July 18, 2023

Q&A: How AI models teach themselves to learn new things

by Jan Overney, ETH Zurich

ai system — Credit: Pixabay/CC0 Public Domain

Despite their huge success, the inner workings of large language models such as OpenAI's GPT model family and Google Bard remain a mystery, even to their developers. Researchers at ETH and Google have uncovered a potential key mechanism behind their ability to learn on-the-fly and fine-tune their answers based on interactions with their users.

Johannes von Oswald is a doctoral student in the group headed by Angelika Steger, ETH Professor for Theoretical Computer Science, and researches learning algorithms for neural networks. His new paper will be presented at the International Conference on Machine Learning (ICML) in late July. It is currently available on the arXiv preprint server.

The T in GPT stands for transformers. What are transformers and why did they become so prevalent in modern AI?

Johannes von Oswald: Transformers are a particular artificial neural network architecture. It is for example used by large language models such as ChatGPT, but was put on the map in 2017 by researchers at Google, where it led to state-of-the-art performance in language translation. Intriguingly, a slightly modified version of this architecture was already developed by the AI-Pioneer Jürgen Schmidhuber back in 1991.

And what distinguishes this architecture?

Before the recent breakthrough of Transformers, different tasks, e.g., image classification and language translation, had used different model architectures that were each specialized on these specific domains. A crucial aspect that sets transformers apart from these previous AI models is that they seem to work extremely well on any kind of task. Because of their widespread use, it is important to understand how they work.

What did your research reveal?

While neural networks are generally regarded a black box that spit out output when provided with input, we showed that transformers can learn on their own to implement algorithms within their architecture. We were able to show that they can implement a classic and powerful machine learning algorithm that learns from the recent information it receives.

Can you give an example when this type of learning can occur?

You might, for instance, provide the language model with several texts and the sentiment—either positive or negative—associated with each of them. You can go on to present the model with a text it hasn't seen before, and it will predict whether it is positive or negative based on the examples you have provided.

So you're saying that the model teaches itself a technique to learn new things?

Yes, it's surprising but true. Driven simply by the pressure to improve on its training objective, namely to predict the immediate future, it develops a technique that enables it to learn from the conversations it has with its users, for example. This type of learning is what we refer to as in-context learning.

All these models get is text input. Can you describe how transformers use this minimal information to optimize their output?

One way to achieve this—and our paper shows that it's a likely possibility—is to learn what you might call a world model that allows you to make predictions. What is interesting is that this learning takes place inside the transformer that has already been trained. Learning would normally involve changing the connections in the model's neural network. We showed that the transformer model is somehow able to simulate the same learning process within its fixed neural architecture instead.

How does this capability emerge in transformers?

We hypothesized in our paper that the transformer architecture has an inductive bias towards learning. This means that its ability to develop these learning mechanisms is implicitly built into its basic design, even before the model is trained.

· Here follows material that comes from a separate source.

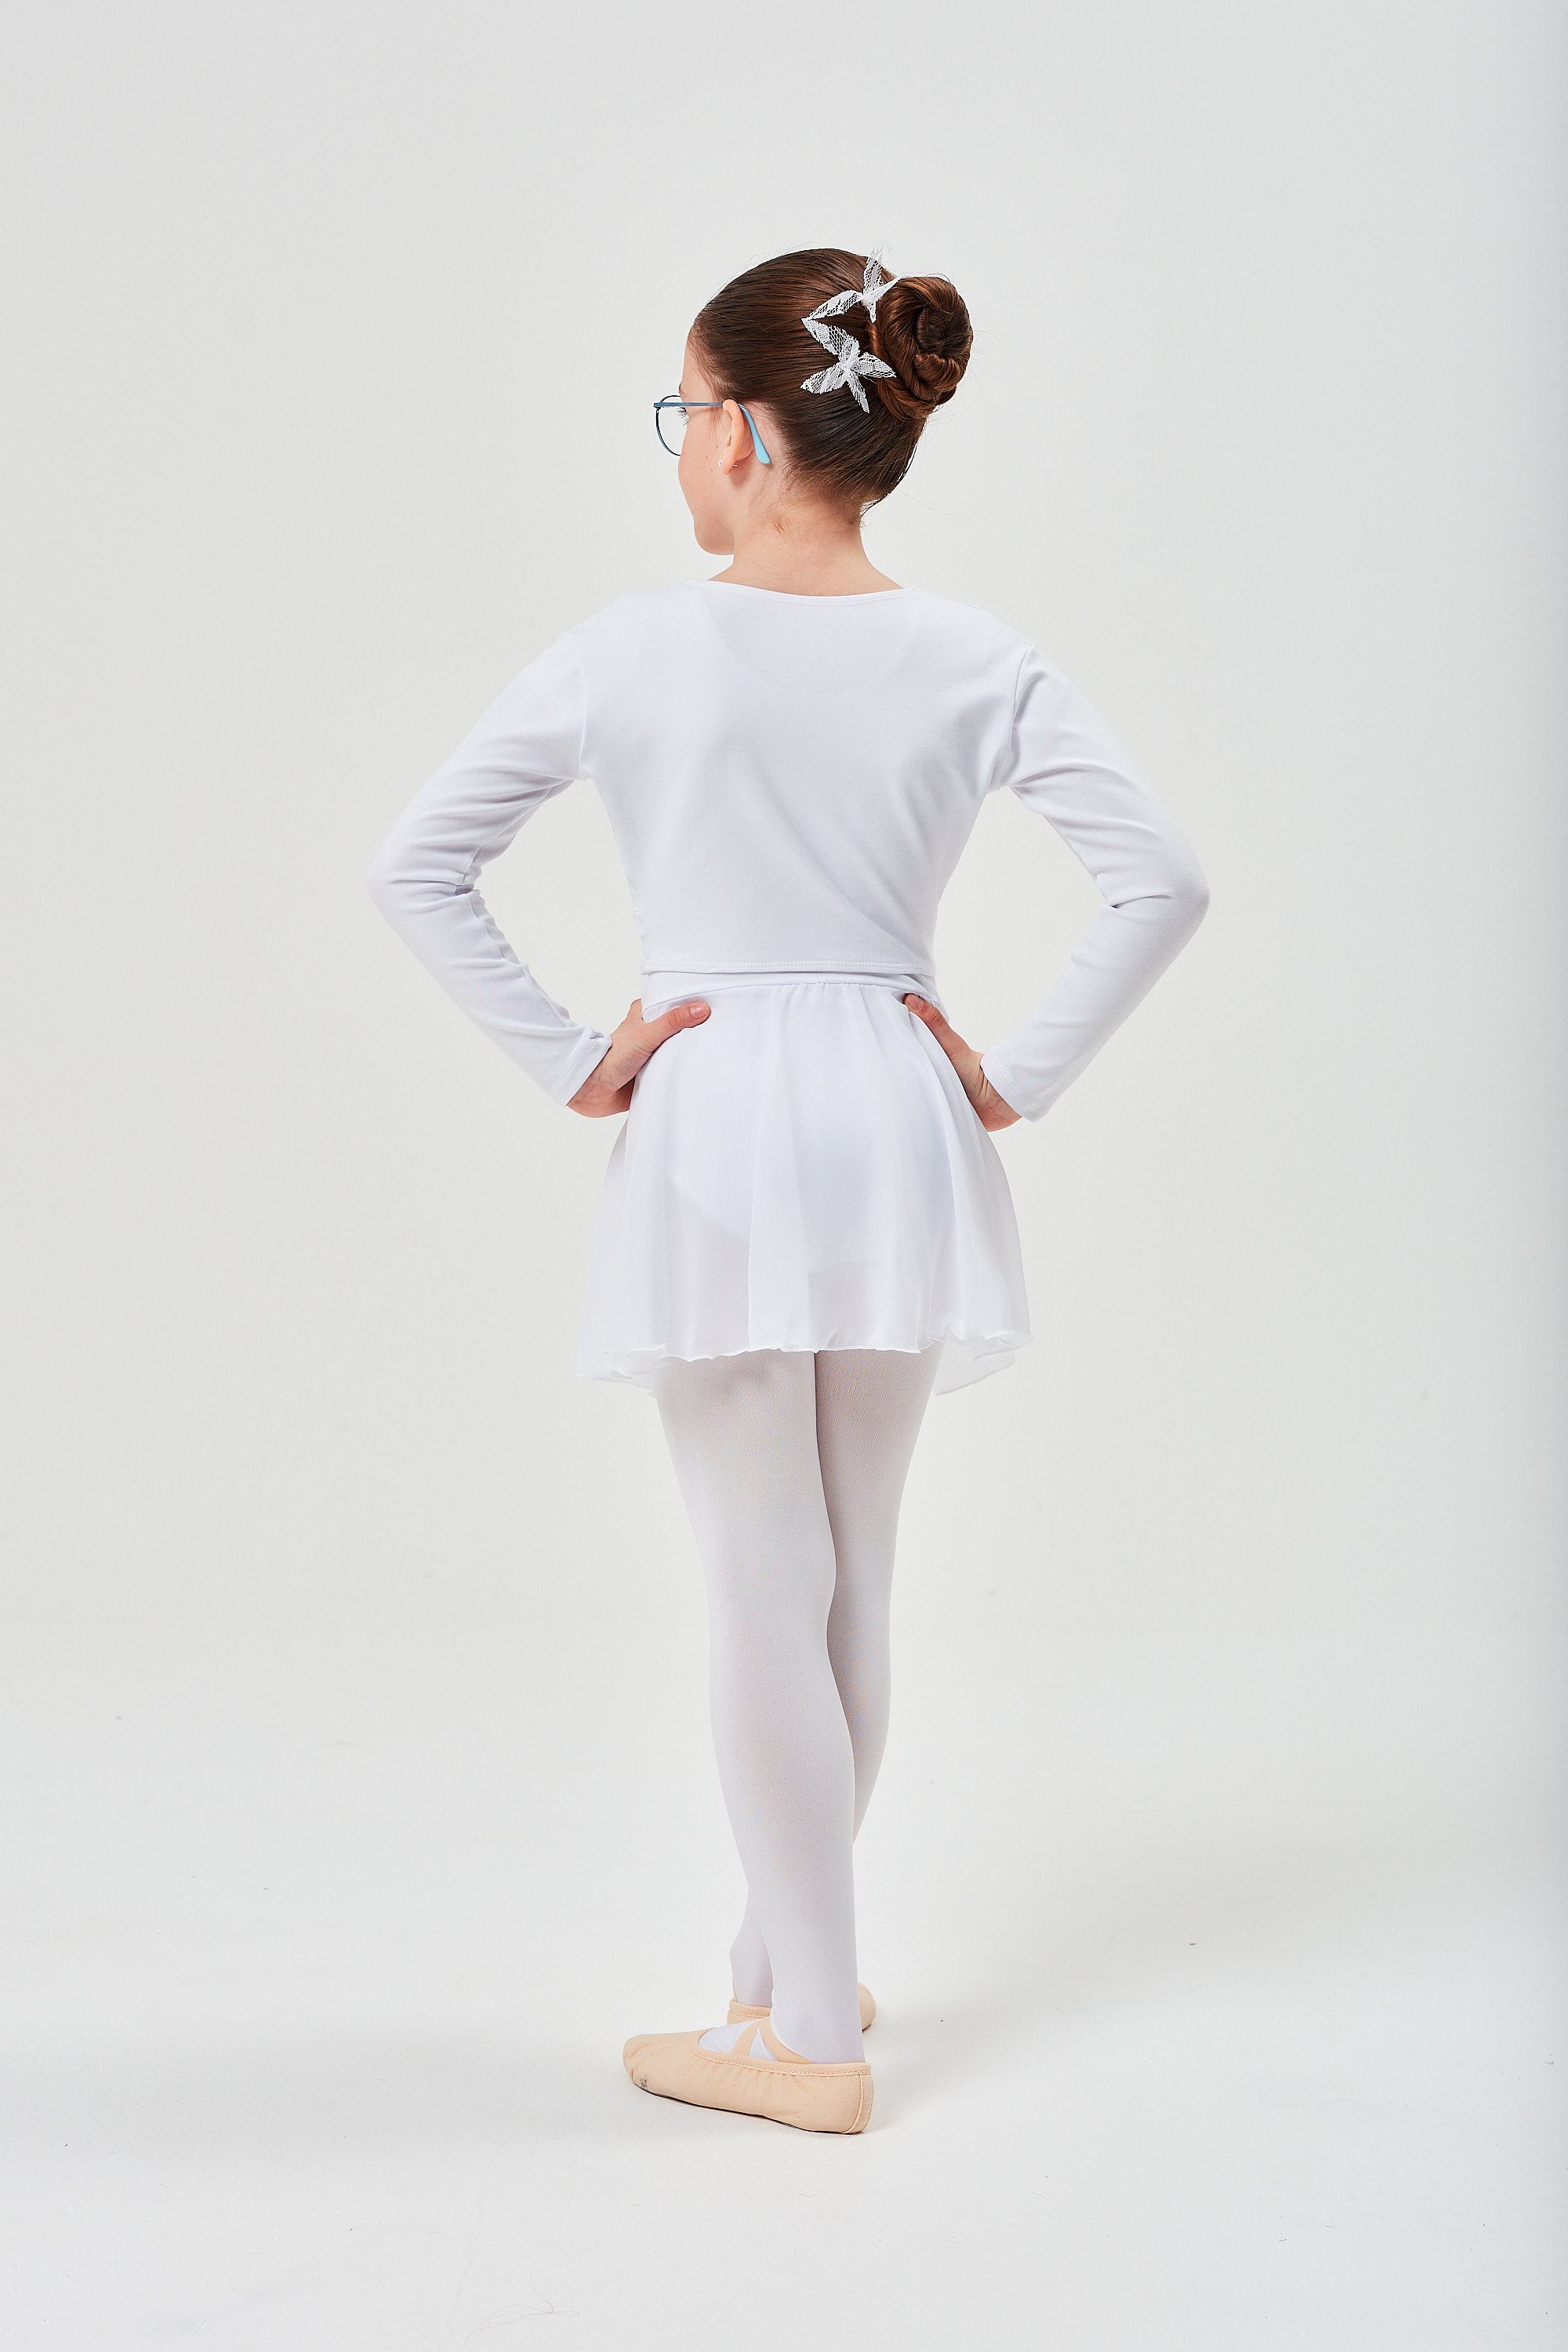 tanzmuster Crop-Top weiß fürs Mia Top Oberteil weicher Baumwolle für Langarm Ballett Ballett Kinder aus Mädchen wunderbar

GPT-3, the model behind ChatGPT, has 175 billion parameters. How do you study such a large system?

There are different ways to try to understand these systems. Some researchers take a psychological approach and analyze how the models respond when confronted with standardized tests or conflicting situations such as moral dilemmas. We studied this system mechanistically—as neuroscientists you could say. Taking this analogy further, because our model runs on a computer, we were able to record every neuron and every connection in its neural network—something that would be unthinkable when studying the biological brains of animals or humans. Investigating these systems at the level of individual neurons is currently only feasible when studying very specific phenomena on relatively small architectures.

Can you provide more information on the system you used in your paper?

The transformer we used in our study is roughly identical to the commonly used transformer architecture. Rather than training our system on all the texts on the internet, we trained it on examples of a simple problem known as linear regression. Because this problem and its solution are so well understood, we were able to compare the known solution with what we observed inside the transformer. We confirmed that it implements a very well-known and powerful learning algorithm within itself called gradient descent.

Would you expect other behavior to emerge that is entirely new to computer science?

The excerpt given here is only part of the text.